A Novel Approach to Scalable and Automatic Topic-Controlled Question Generation in Education

TL;DR

This work tackles the high teacher workload in education by introducing Topic-Controlled Question Generation (T-CQG) using a fine-tuned T5-small model. It develops novel datasets (SQuAD+, MixSQuAD, MixSQuAD2X, MixKhanQ) and a WikiSemRel-based evaluation to ensure topic alignment within paragraph contexts, while exploring pre-training, data augmentation, and quantisation for scalability. The study demonstrates that TopicQG variants generally improve topical relevance over a Baseline, with data augmentation (TopicQG2X) delivering the strongest topic alignment, and quantisation enabling on-device deployment with minimal performance loss. The approach offers a scalable, privacy-preserving alternative to large proprietary LLMs, potentially reducing teacher workload and enabling personalized education through LMS/ITS integrations. Limitations include limited human evaluation power and the need to explore additional factors like linguistic complexity and generation length in future work.

Abstract

The development of Automatic Question Generation (QG) models has the potential to significantly improve educational practices by reducing the teacher workload associated with creating educational content. This paper introduces a novel approach to educational question generation that controls the topical focus of questions. The proposed Topic-Controlled Question Generation (T-CQG) method enhances the relevance and effectiveness of the generated content for educational purposes. Our approach uses fine-tuning on a pre-trained T5-small model, employing specially created datasets tailored to educational needs. The research further explores the impacts of pre-training strategies, quantisation, and data augmentation on the model's performance. We specifically address the challenge of generating semantically aligned questions with paragraph-level contexts, thereby improving the topic specificity of the generated questions. In addition, we introduce and explore novel evaluation methods to assess the topical relatedness of the generated questions. Our results, validated through rigorous offline and human-backed evaluations, demonstrate that the proposed models effectively generate high-quality, topic-focused questions. These models have the potential to reduce teacher workload and support personalised tutoring systems by serving as bespoke question generators. With its relatively small number of parameters, the proposals not only advance the capabilities of question generation models for handling specific educational topics but also offer a scalable solution that reduces infrastructure costs. This scalability makes them feasible for widespread use in education without reliance on proprietary large language models like ChatGPT.
Paper Structure (32 sections, 2 equations, 2 figures, 4 tables)

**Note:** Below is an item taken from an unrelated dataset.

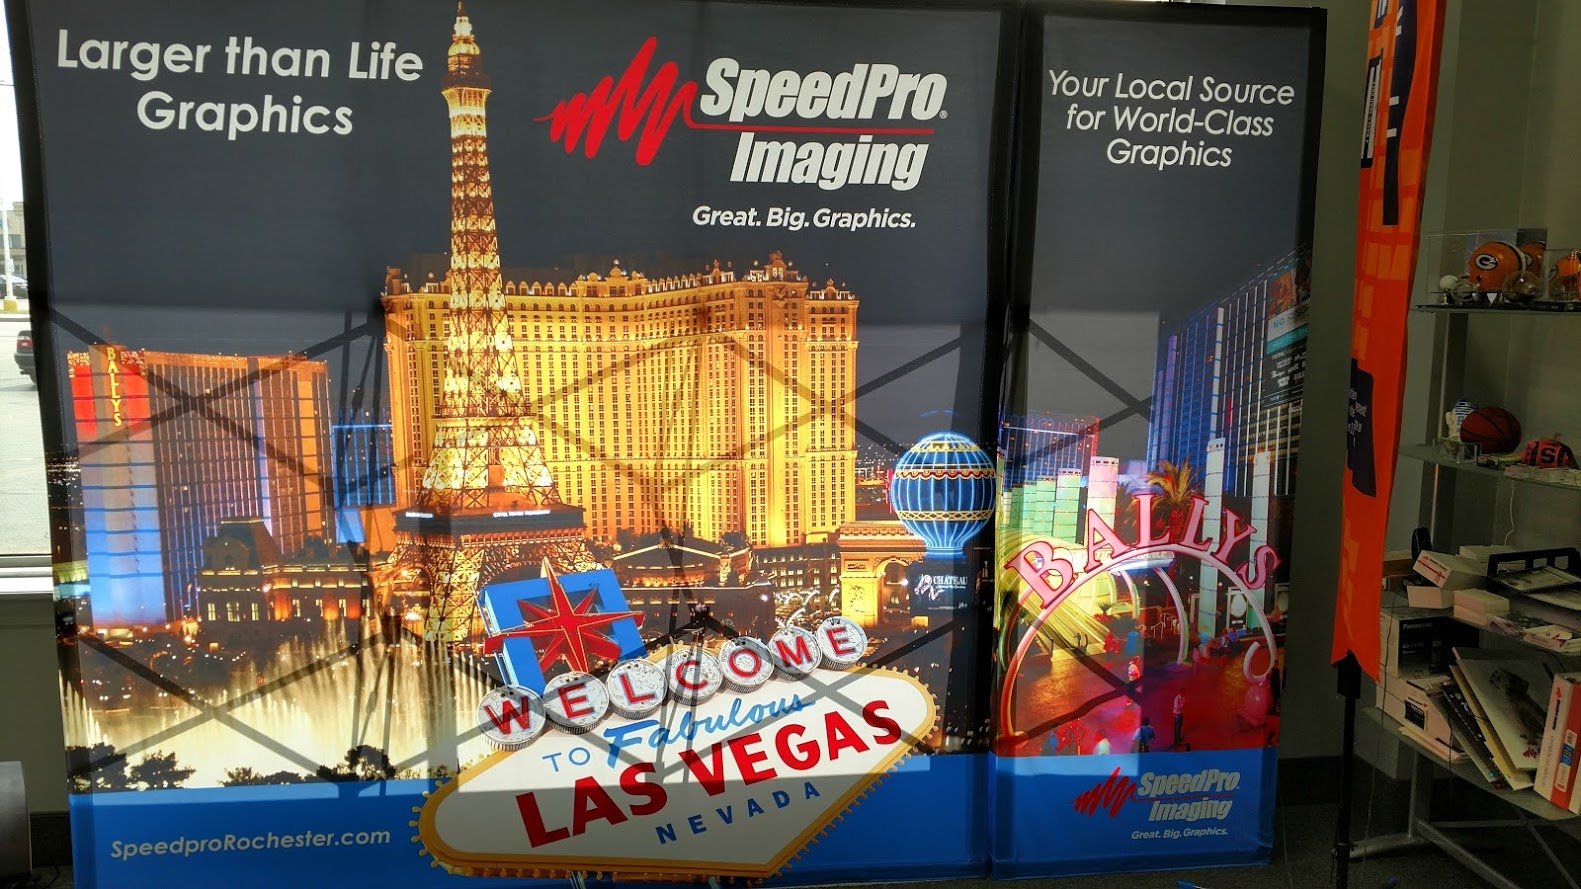 Speedpro imaging trade show display with las vegas background and welcome to las vegas sign

This paper contains 32 sections, 2 equations, 2 figures, 4 tables.

Figures (2)

  • Figure 1: Methodology for generating the different training datasets proposed in the model from the contexts $c$, topics $t$ and target questions $q_t$ (shaded as label) from the SQuAD dataset is illustrated using two random examples from the dataset, example $i$ (green) and example $j$ (pink). The contexts $c_i$ and $c_j$ glued together are concatenated texts treated as a single field in the dataset. The orange rectangles indicate the scope of the datasets while (*) marks the newly proposed datasets.
  • Figure 2: Methodology for training and evaluating the Baseline model (black), TopicQGedu model (green, RQ3), TopicQG model (dark red, RQ2), its post-training quantised counterparts, TopicQG8bit model(medium red, RQ4), TopicQG4bit model(light red, RQ4) and TopicQG2X model (blue, RQ5). The numbered circles indicate different experimental pathways that test different research questions. The shaded grey box indicates that the T5-Small model was available pre-trained prior to the experiments while the non-shaded models contained parameters trained during the experiments.